README.md

Meaning of Sentences, Natural Language Understanding & Logic [view code]

The code is available here or by clicking on the [view code] link above.

These notes will be heavily based on this book.

It is not difficult to build a grammar formalisms for translation restricted to some specific tasks. In book, it is shown that a simple feature-based grammar formalism can translate English questions into SQL queries.

In this notebook, it will be shown that using logic formalisms one can find more generic translation mechanisms. From book

One advantage of logical formalisms is that they are more abstract and therefore more generic. If we wanted to, once we had our translation into logic, we could then translate it into various other special-purpose languages. In fact, most serious attempts to query databases via natural language have used this methodology.

Propositional Logic

Propositional [...] logic deals with propositions and argument flow. Compound propositions are formed by connecting propositions by logical connectives.

Logical connectives include e.g. the symbols for not, and and or found here.

Consider the example:

[Klaus chased Evi] and [Evi ran away]

Representing the sentences by propositional letters $\phi$ and $\psi$ and using the connective & as logical operator this sentence acquires the structure $\phi, &,\psi$, its logical form.

The convention here will be:

import nltk
nltk.boolean_ops()

with output:

negation       	-
conjunction    	&
disjunction    	|
implication    	->
equivalence    	<->

Propositional letters are well-formed formulas which from now on we will call formulas. Therefore is $\phi$ and $\psi$ are formulas any combination using connectives are also formulas. There are several truth-conditionsinvolving formulas such as ~$\phi$ is true in s iff $\phi$ is false in s, a so on.

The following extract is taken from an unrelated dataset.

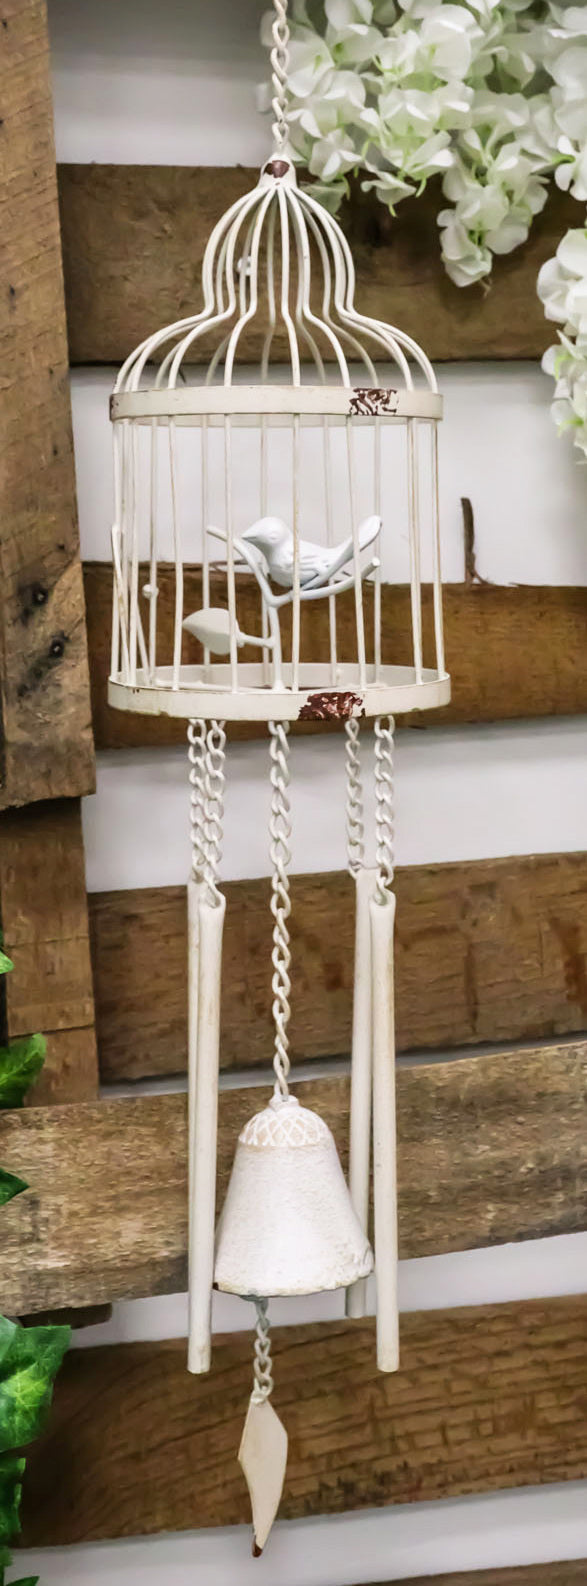 Whimsical Rustic White Bird Perching On Twig In Cage Aluminum Metal Wind Chime

Applying the method .parse from nltk.LogicParser() into e.g. the truth condition -(P & Q) we obtain:

lp = nltk.sem.logic.LogicParser()
lp.parse('-(P & Q)')
type(lp.parse('-(P & Q)'))

Inference

The inference:

Mark is taller than John.
Therefore, John is not taller than Mark.

Is correctly represented as:

[MtJ,MtJ -> - JtM] / - JtM

as we must include the a statement clarifying the implication of the expression 'is taller'.

We can test argument validity using nltk:

from nltk import Prover9
lp = nltk.sem.logic.LogicParser()
MtJ = lp.parse('MtJ')
NotJtM = lp.parse('-JtM')
R = lp.parse('MtJ -> -JtM')
prover = nltk.sem.logic.Prover9()
prover.prove(NotJtM, [MtJ, R])

The output is True.

First-Order Logic

First-order logic uses quantified variables over non-logical objects and allows the use of sentences that contain variables, so that rather than propositions such as Socrates is a man one can have expressions in the form "there exists X such that X is Socrates and X is a man" and there exists is a quantifier while X is a variable.This distinguishes it from propositional logic, which does not use quantifiers or relations.